In round numbers – cumulative global deaths with C19 present using the “not fit for purpose” RT-PCR test were 2 million in calendar year 2020, 5.5 million in 2021 (+3.5 million) and 6.7 million in 2022 (+1.2 million from 2021 to 2022).
What kind of moron would claim that any measures taken to address C19 have been “effective”. Certainly not 95% effective, unless you believe that without the measures, deaths with C19 present would have doubled to more than 13 million by now.
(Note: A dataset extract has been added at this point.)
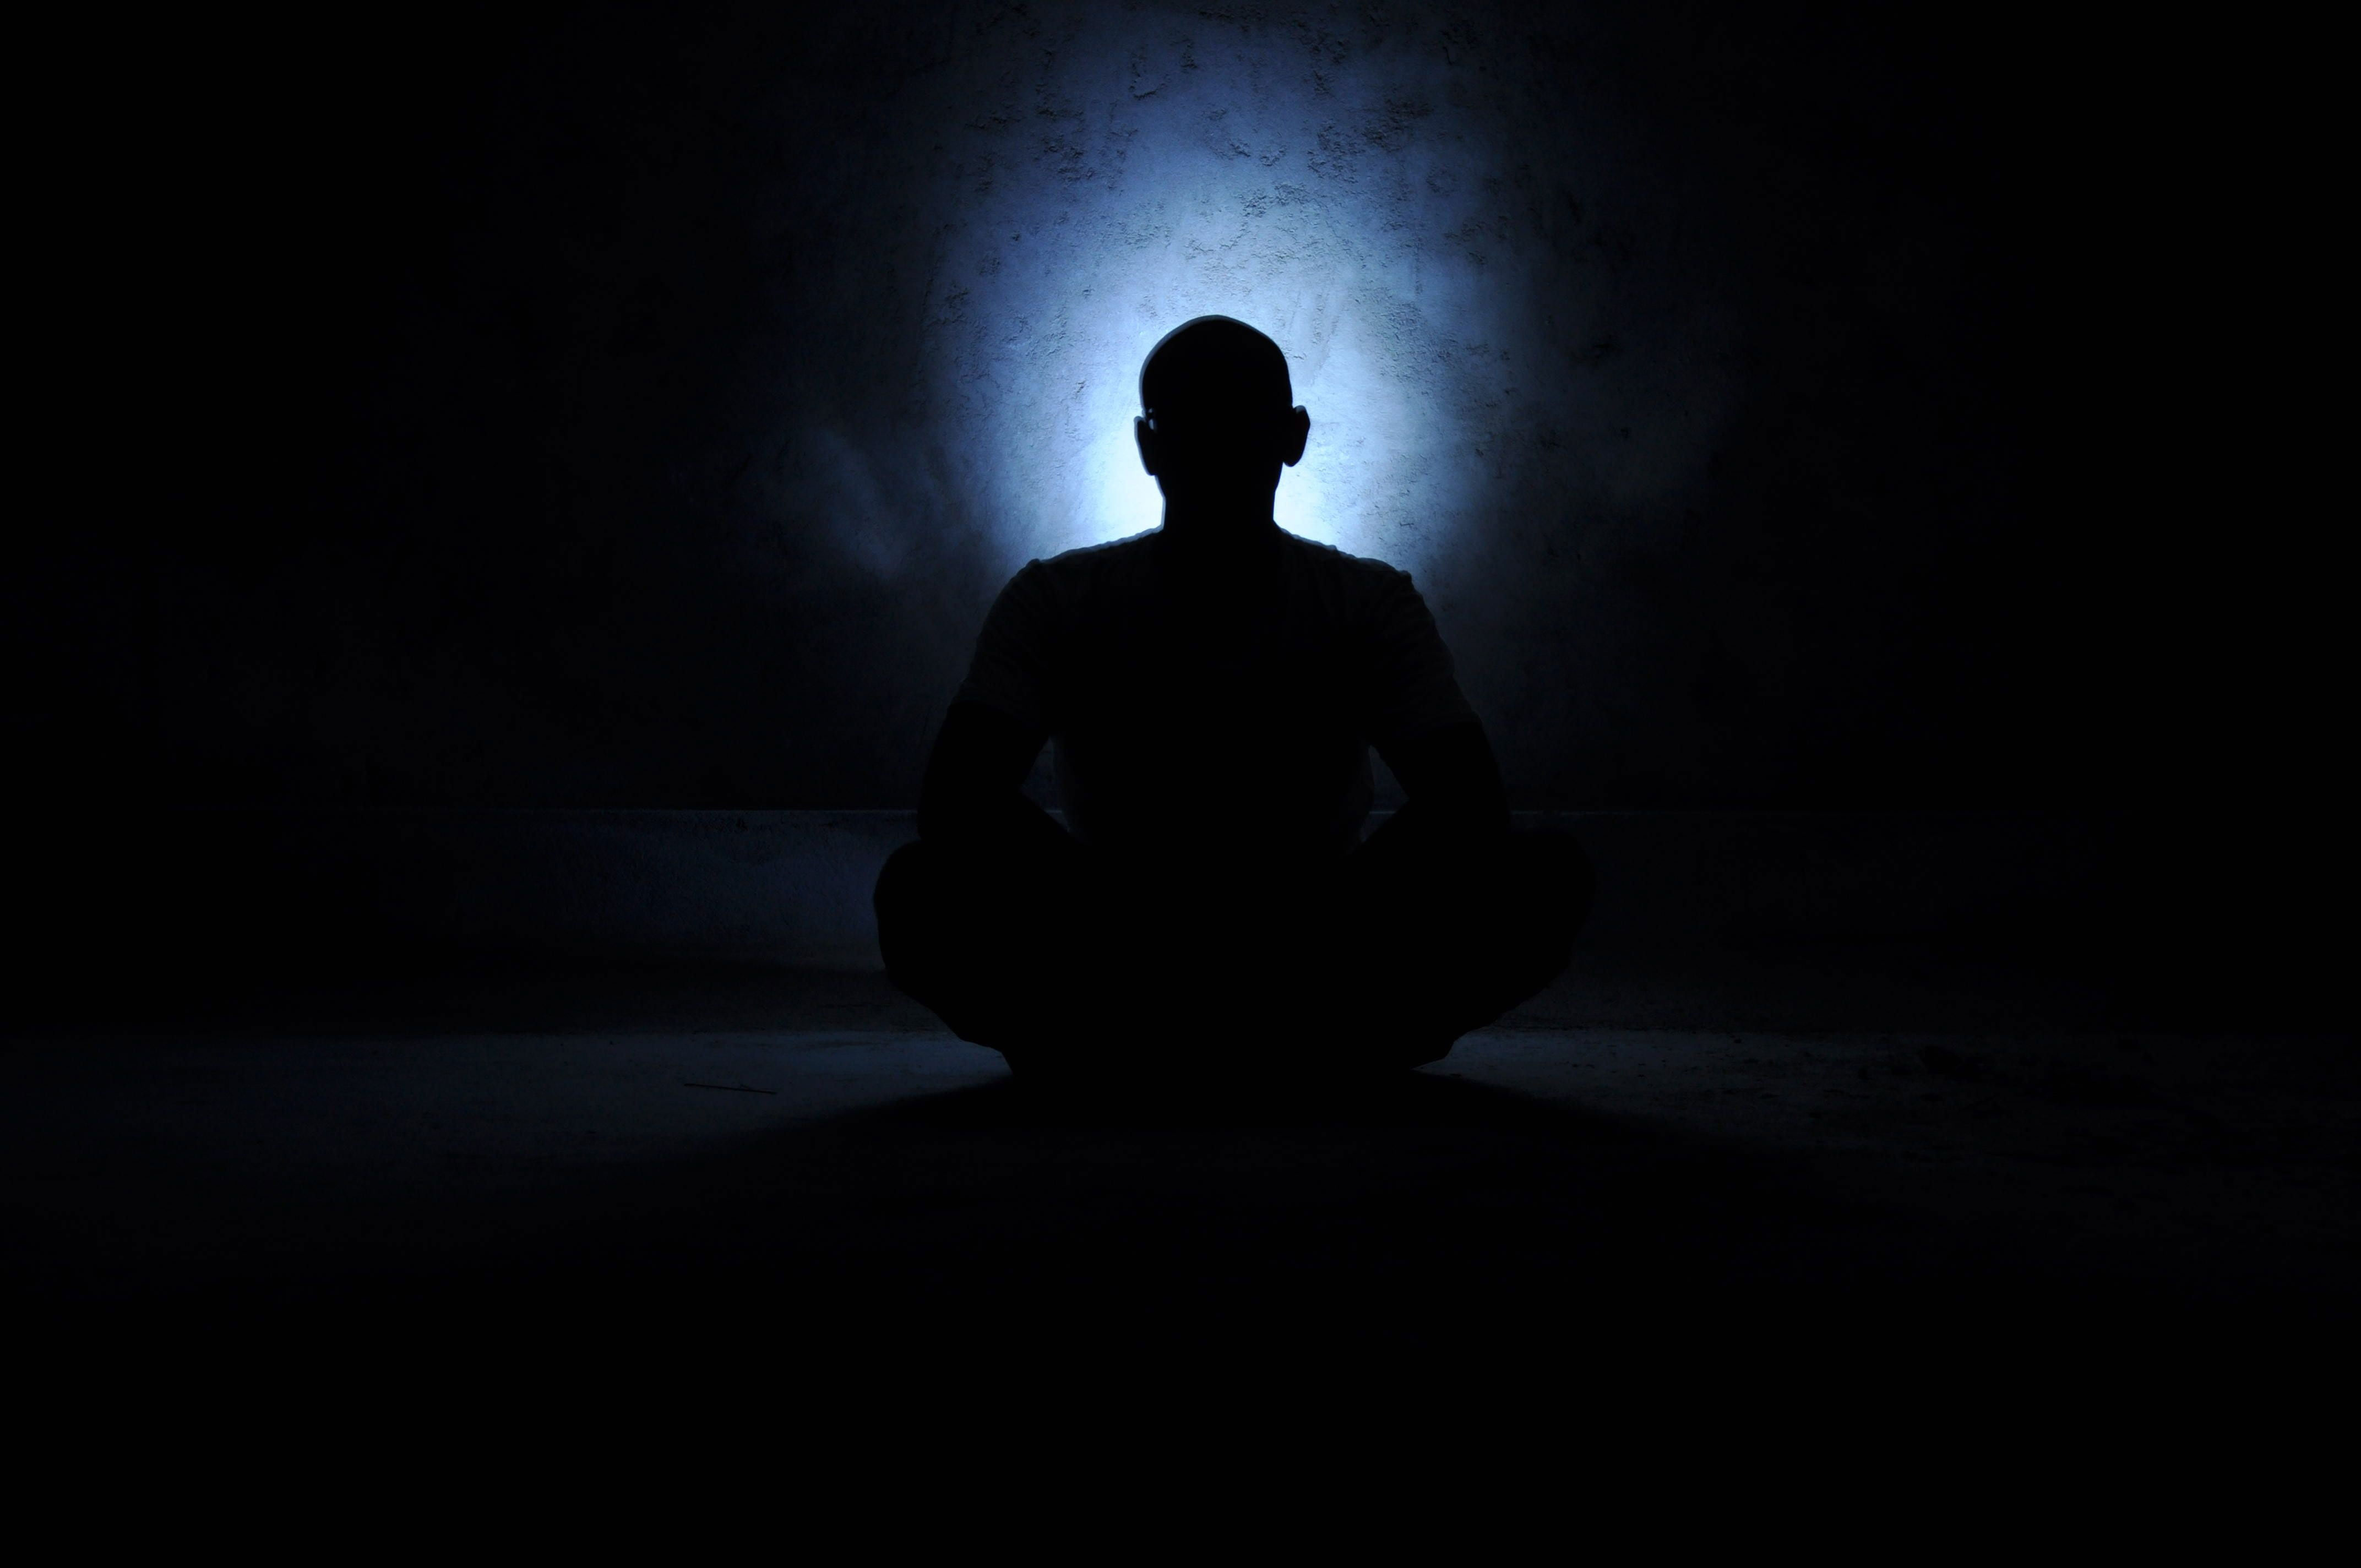 Wallpaper Silhouette Photography Of Person, Saint, Meditation, Dark, Other

Now, factor in that 95% of deaths also had 2-6 co-morbidities also present and the average age at time of C19 death was 1-2 years longer than average life expectancy. Then factor in that the RT-PCR test was not intended to determine infectiousness, only the presence of a guess of what the SARS-COV2 looked like.
Also bear in mind that IVM (and HCQ) treatment protocols were proven as a safe and effective prophylactic and early to mid-stage cure by May 2020. It has no side effects unless extreme dosages are used (like those used in studies sponsored by the BMGF).
Maybe as many as 85% of all deaths globally from C19 were preventable from May 2020 onwards.
The decision NOT to use IVM/HCQ treatment protocols from May 2020 onwards cost around 6 million lives, globally.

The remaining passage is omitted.